Looking back is there anything you would have done differently on this film?


No. That's not to say everything went as planned or that I didn't learn anything new. On the contrary. I've learned a tremendous amount about the whole process, which will inform everything I do next. 


Where did your passion for filmmaking come from?


I've always been preoccupied with storytelling. I guess it's about trying to cling on to something, attempting to find some order in situations where meaning eludes me. Take Maria, the protagonist. What happens to her is a great injustice and there's no rhyme or reason to it. By fictionalising her story, I guess I'm attempting to inscribe her into the fabric of collective storytelling. To leave a trace. Essentially, it's like carving your name into a rock - Maria was here. 

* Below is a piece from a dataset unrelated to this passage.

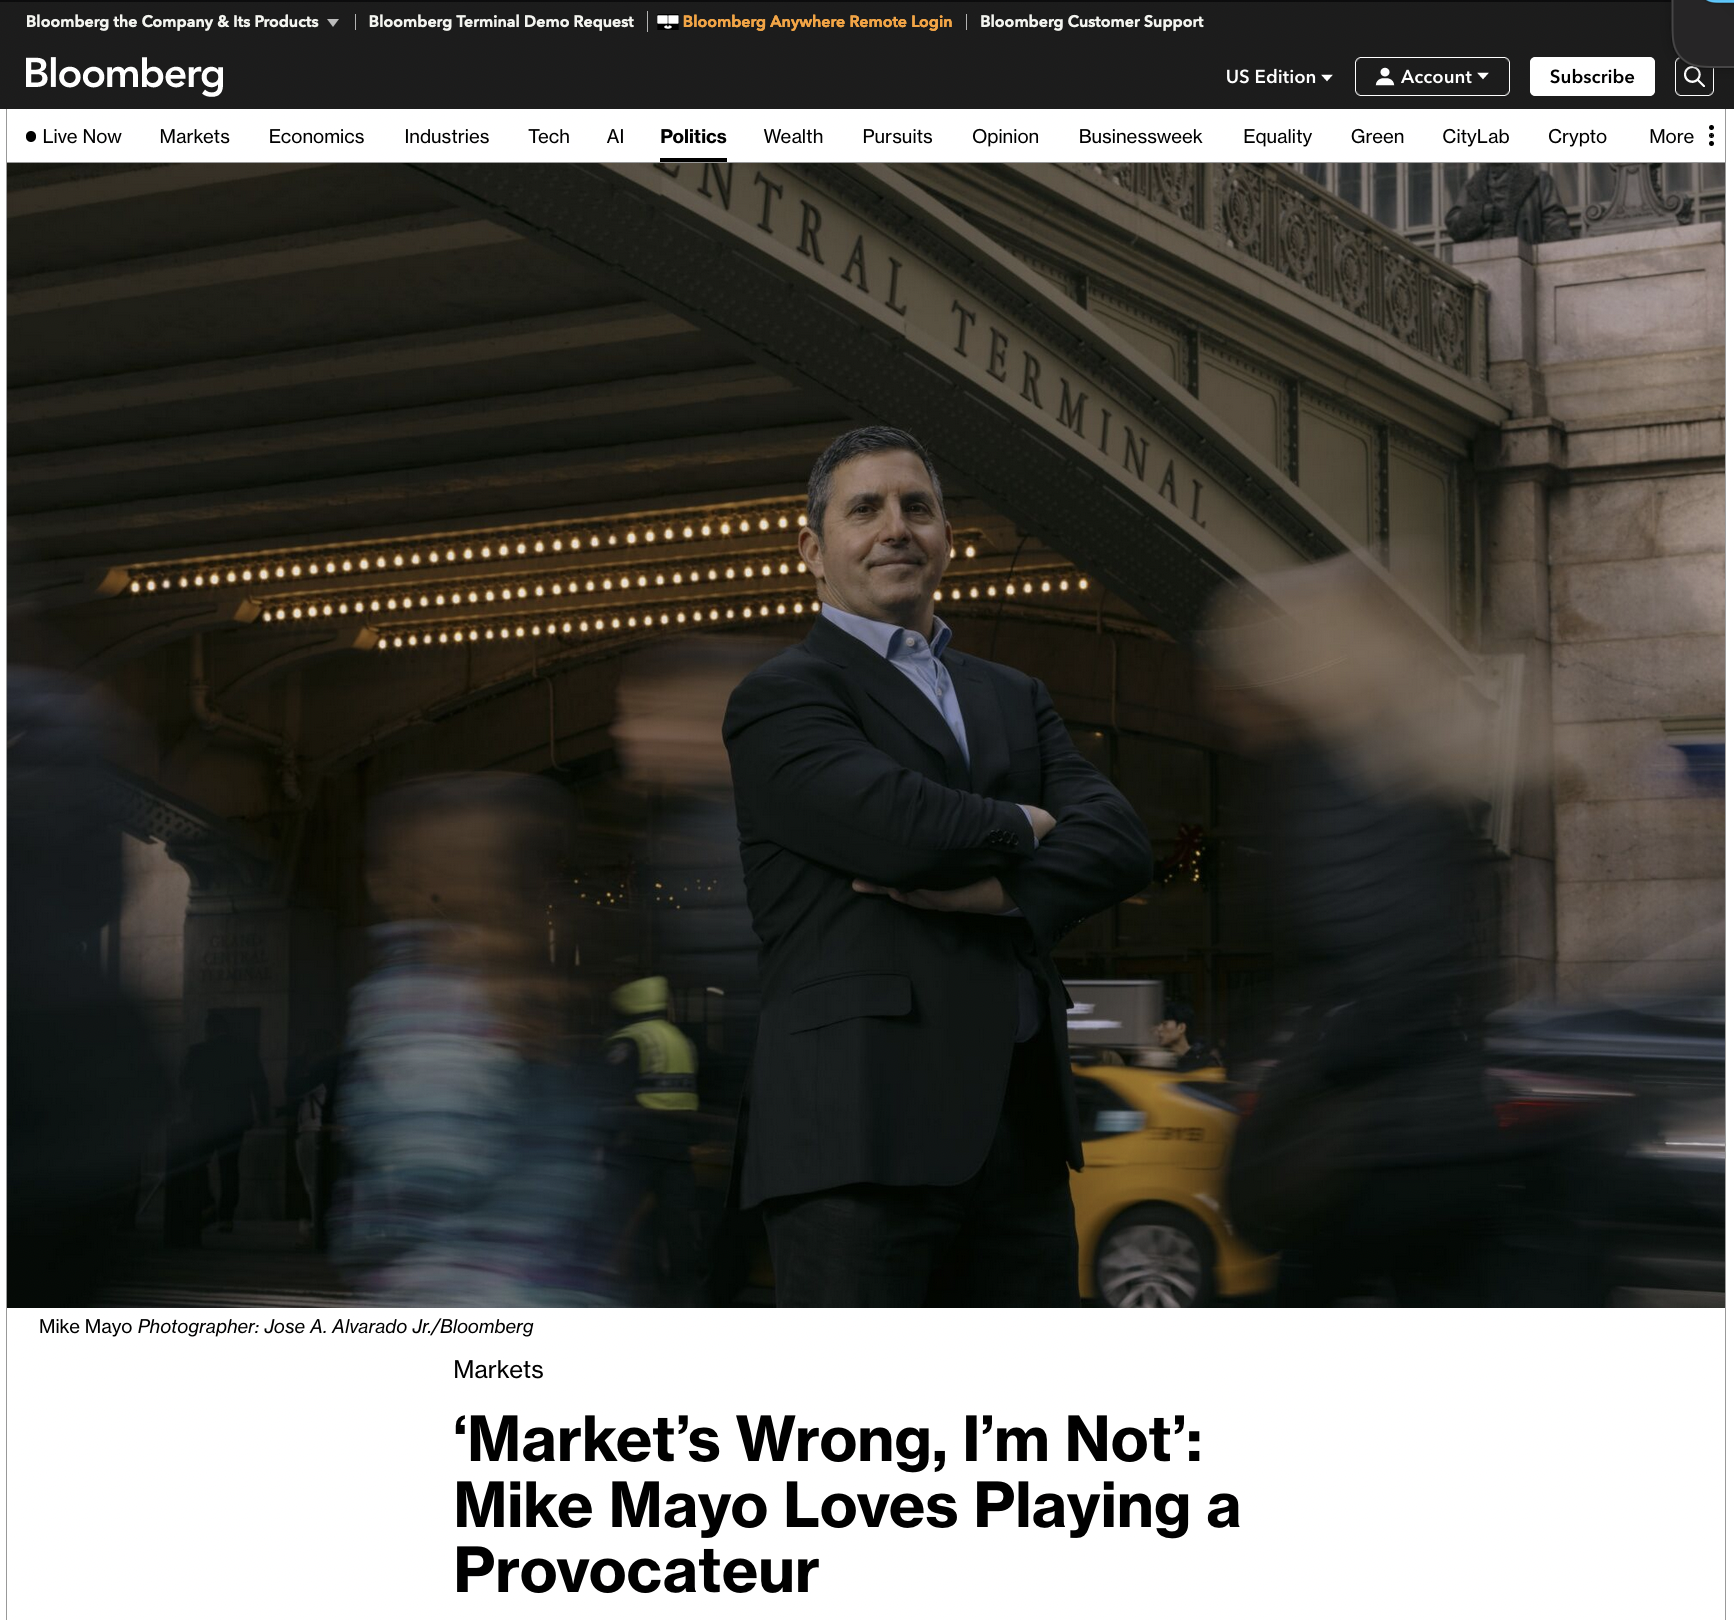 for Bloomberg: ‘Market’s Wrong, I’m Not’: Mike Mayo Loves Playing a Provocateur
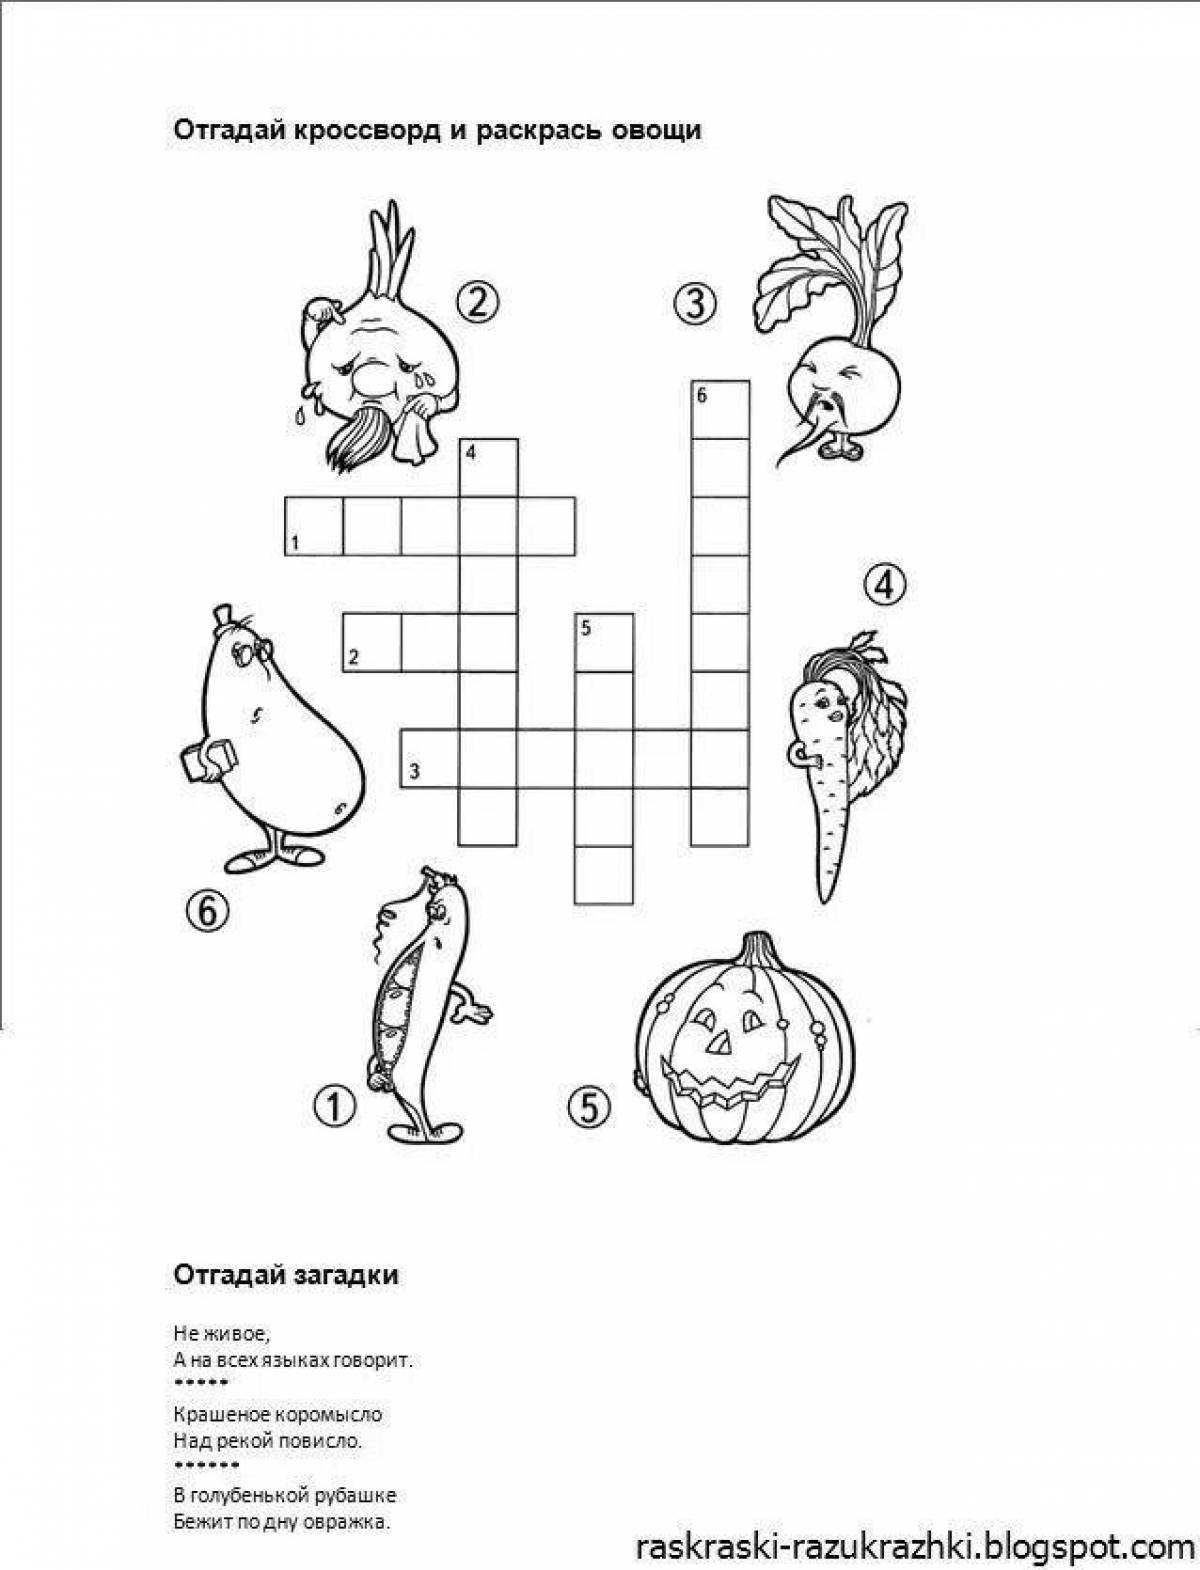 Colorful coloring crossword puzzle

Is there any advice you have been given that has really helped you?


Be really well prepared. Know your scenes inside out. Character motivations, arcs. 


Do you think filmmakers should continue to push the boundaries of the films and stories they want to tell?


They should tell the stories they feel compelled to, in whatever manner they feel appropriate, for as long as it is a pleasure and not a burden. 


What tips or advice you would offer a fellow filmmaker?


Stick to your guts, but also be open to change. It's a tricky line to tread. Sometimes changing something in your script will actually make it pop. Sometimes changing something will not be relevant. Ask yourself then if it's worth it. Whenever I get given an artistic piece of feedback, I ask myself: is this helping me tell the story at hand? Or is it about how that person would tell the story? 


And finally, what do you hope people will take away from If We Smarten Up?


I hope they'll be moved, laugh a little, perhaps meditate on old age and where we're headed.